Video: Gerhard Richter's Mastery of Abstraction

Video: Gerhard Richter's Mastery of Abstraction

Rendered in deep shades of purple and red, 'Abstraktes Bild (715-6)', 1990, is a mature example from the contemporary painter.

Rendered in deep shades of purple and red, 'Abstraktes Bild (715-6)', 1990, is a mature example from the contemporary painter.

A painter first and foremost, Gerhard Richter initially became widely known for his dreamlike blurred photo-paintings, which were appropriated from images found in photos and magazines and which explored the relationship between representation and abstraction.
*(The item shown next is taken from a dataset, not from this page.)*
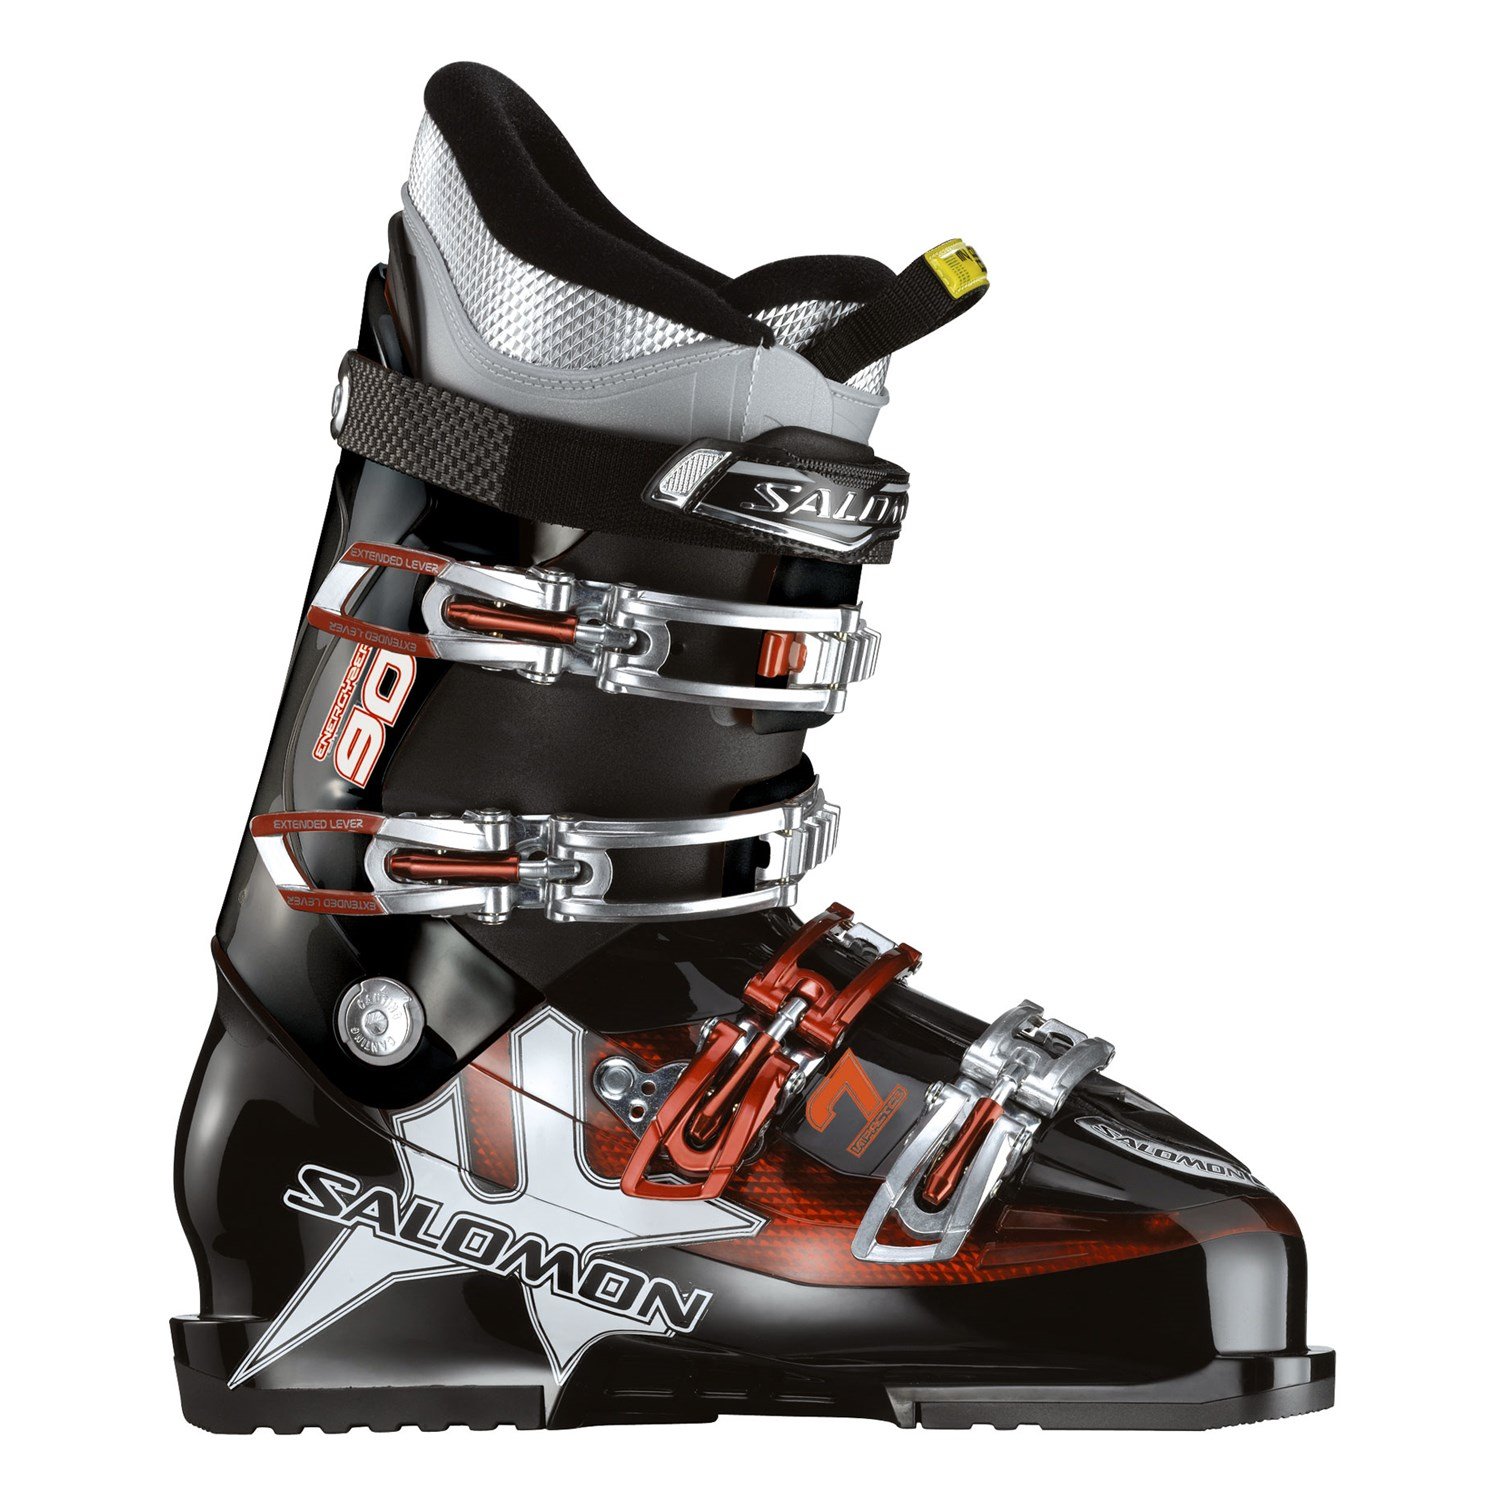 Salomon Impact 7 Ski Boots 2010 | evo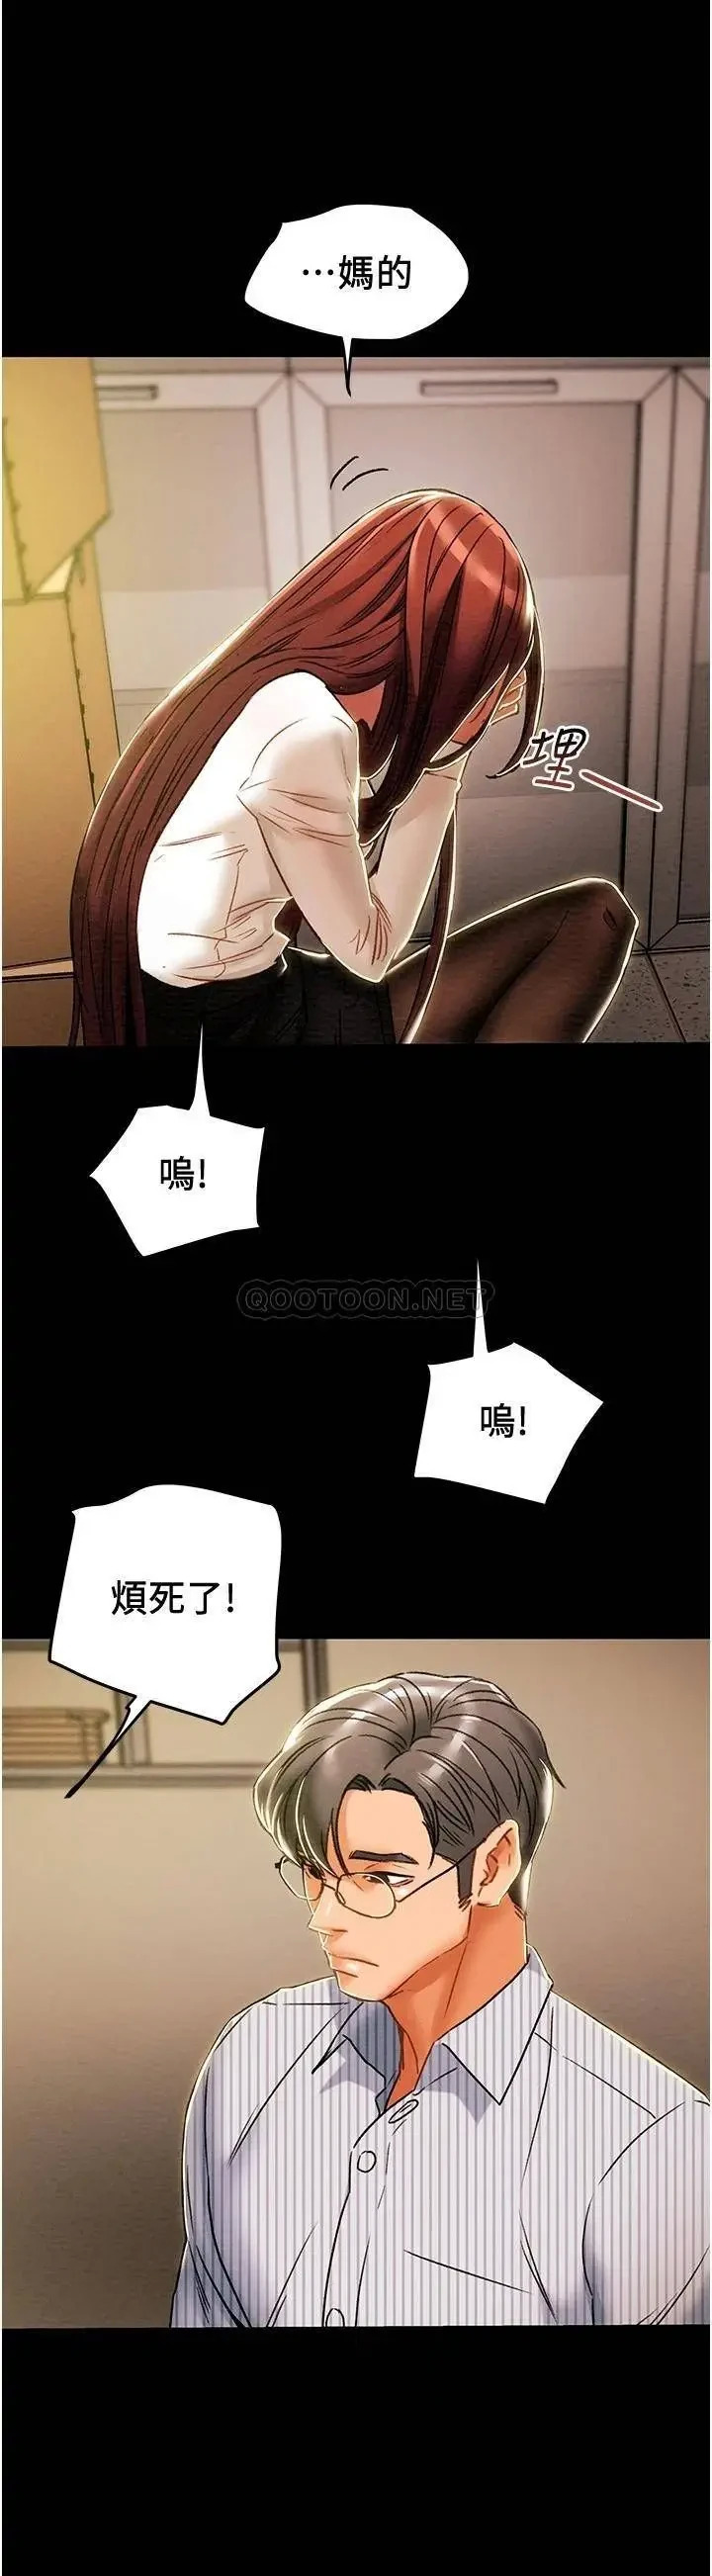 《纯情女攻略计划》漫画 第46话 妍霏的过去

His approach reversed course as Richter experimented further with pure abstraction:

[Painting abstracts] is more like walking, step by step, without an intention, until you discover where you are going. When I paint a landscape from a photograph or an image like this one, I can see the endpoint before I start, although in fact it always turns out slightly different than I imagined.” (Richter, quoted in Michael Kimmelman, ‘An Artist Beyond Isms’, The New York Times Magazine, 27 January 2002, online)

 

 

Around 1978, Richter began to apply paint in his abstract pictures by scraping. Typically starting with simple smears of paint or a geometric composition, Richter typically applies pressure using homemade wood and plexiglass squeegees to drag and wipe the paint repeatedly across his canvas, methodically building up and deconstructing the layers of paint. Manipulating the viscosity of the oil medium, Richter applies thin layers of paint such that small tears in the film create spontaneous windows into underlying layers, gathering in clusters or at other times rippling across the canvas to create compositional accents or axes.

Rendered in deep shades of purple and red in vertical and horizontal striations, Abstraktes Bild (715-6) is a particularly beautiful example of how Richter’s abstract paintings began to lean toward the more structured and minimalist end of abstraction, with visible stripes and grids. Streaked with undulating monochrome streaks and fiery elements of golden yellow periodically exposed through the disfigured paint layers, Richter revisited a favorite personal challenge of unifying bright colors with his more usually muted, melancholy palette, a theme he began working on with his Red-Blue-Yellow works in 1972.